American aerospace company

Interorbital Systems (IOS) is an American space development company based in Mojave, California. It was established in 1996 by Roderick and Randa Milliron. As of October 2023, the company is in development stage for three orbital launch vehicles: NEPTUNE, TRITON, and TRITON HEAVY.

Interorbital Systems has participated in the development of a launch vehicle for the Google Lunar X Prize Team Synergy Moon and has provided suborbital commercial launch services. For orbital launch, they have so far facilitated launches with ISRO and Jaxa. Additionally, the company participated as a competitor in the Ansari X Prize and America's Space Prize competitions.

==Rocket designs==

===NEUTRINO Sounding Rocket===
Interorbital's first rocket was the NEUTRINO a liquid fueled pressure-fed bipropellant sounding rocket powered by an in-house GPRE 0.5NFA engine. It was 20ft in length, 8in in diameter with a gross mass of 380lbs and with a payload mass of 5lb that could reach an apogee of 65 miles. Three NEUTRINOs would be launched between 1999 and 2001 with no subsequent attempts. By 2009 the FAA still classified the NEUTRINO as an “additional conceptual vehicle” with the rocket never beginning the routine flights Interorbital had hoped for.
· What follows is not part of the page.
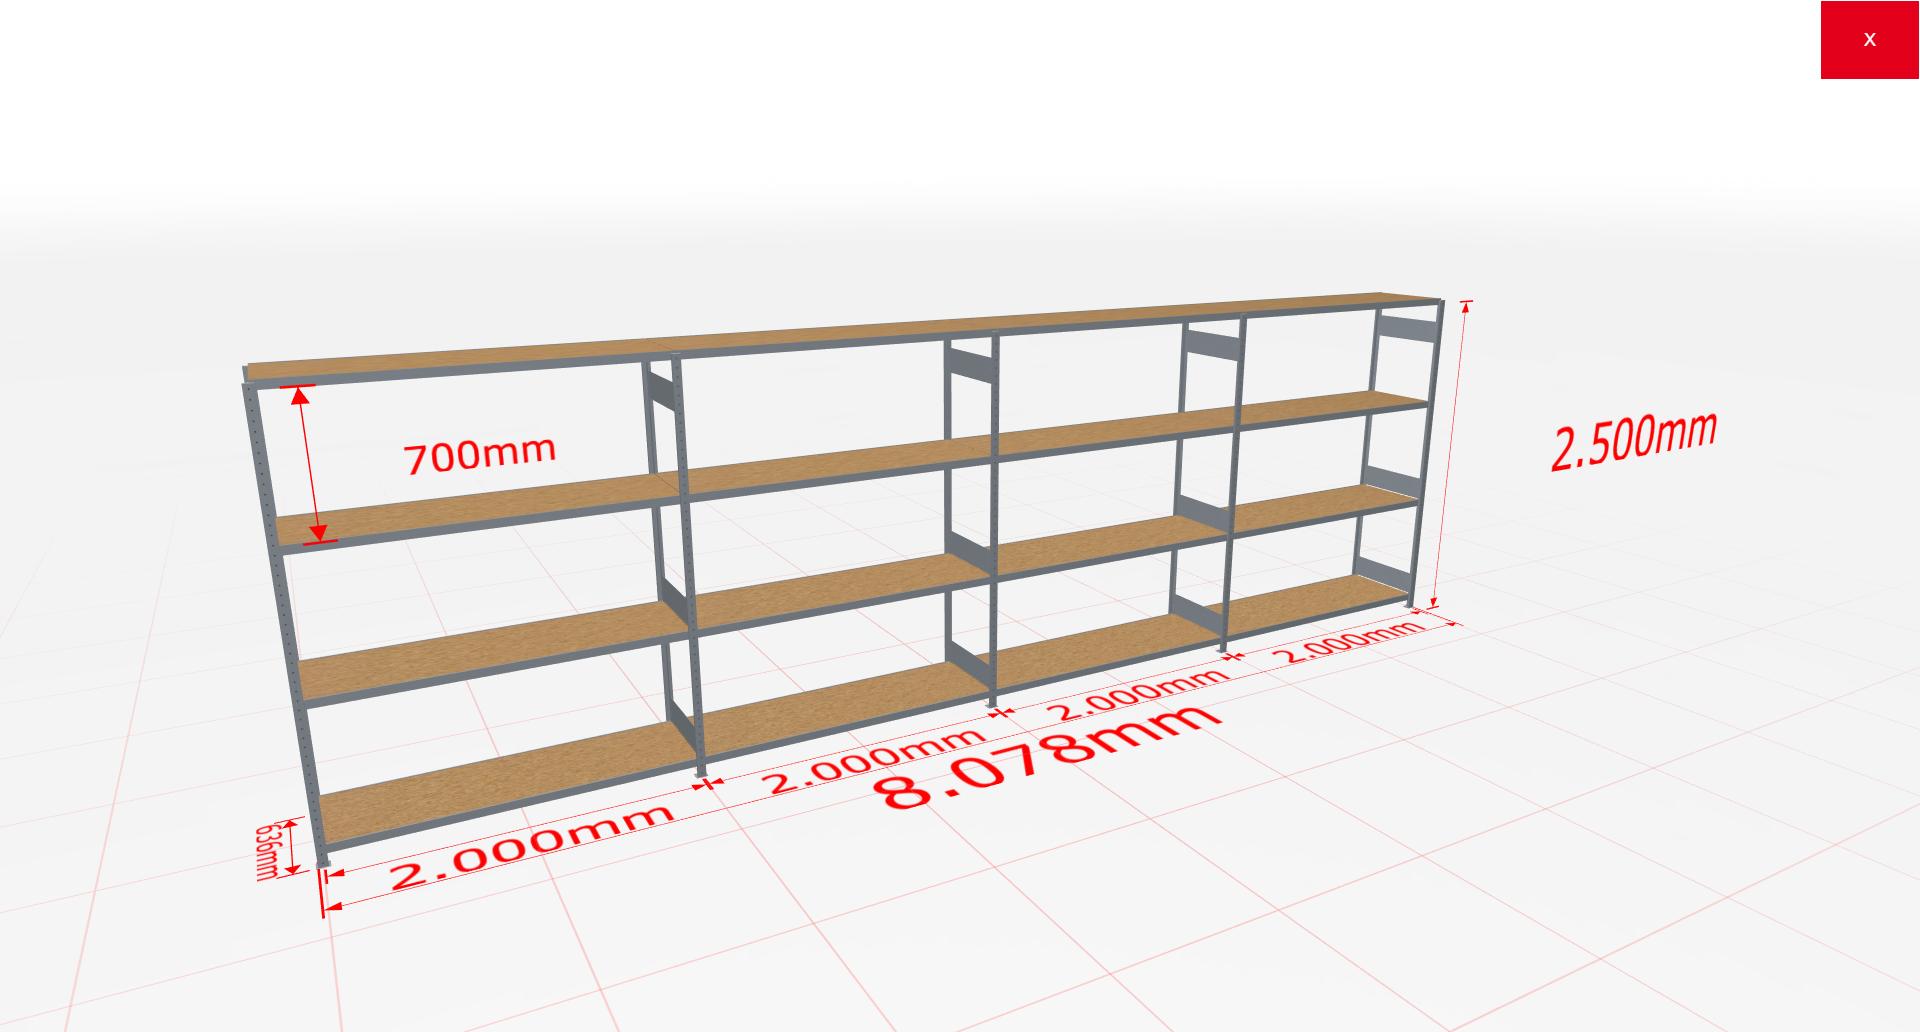 Weitspannregal Komplettregal 2500x8078x600 mm (HxBxT) SCHULTE Lagertechnik verzinkt mit Spanplattenböden

===TACHYON Sounding Rocket===
In 2006, IOS held an active launch license from the Office of Commercial Space Transportation for Tachyon, a sounding rocket designed for suborbital flights reaching an apogee of 120 miles.

===SOLARIS Launch Vehicle===
Solaris was a suborbital rocket design developed by IOS in the early 2000s. The intention behind the Solaris project was to compete for the Ansari X Prize. However, the rocket was not completed in time, and it was surpassed by Scaled Composites' SpaceShipOne, which successfully claimed the prize.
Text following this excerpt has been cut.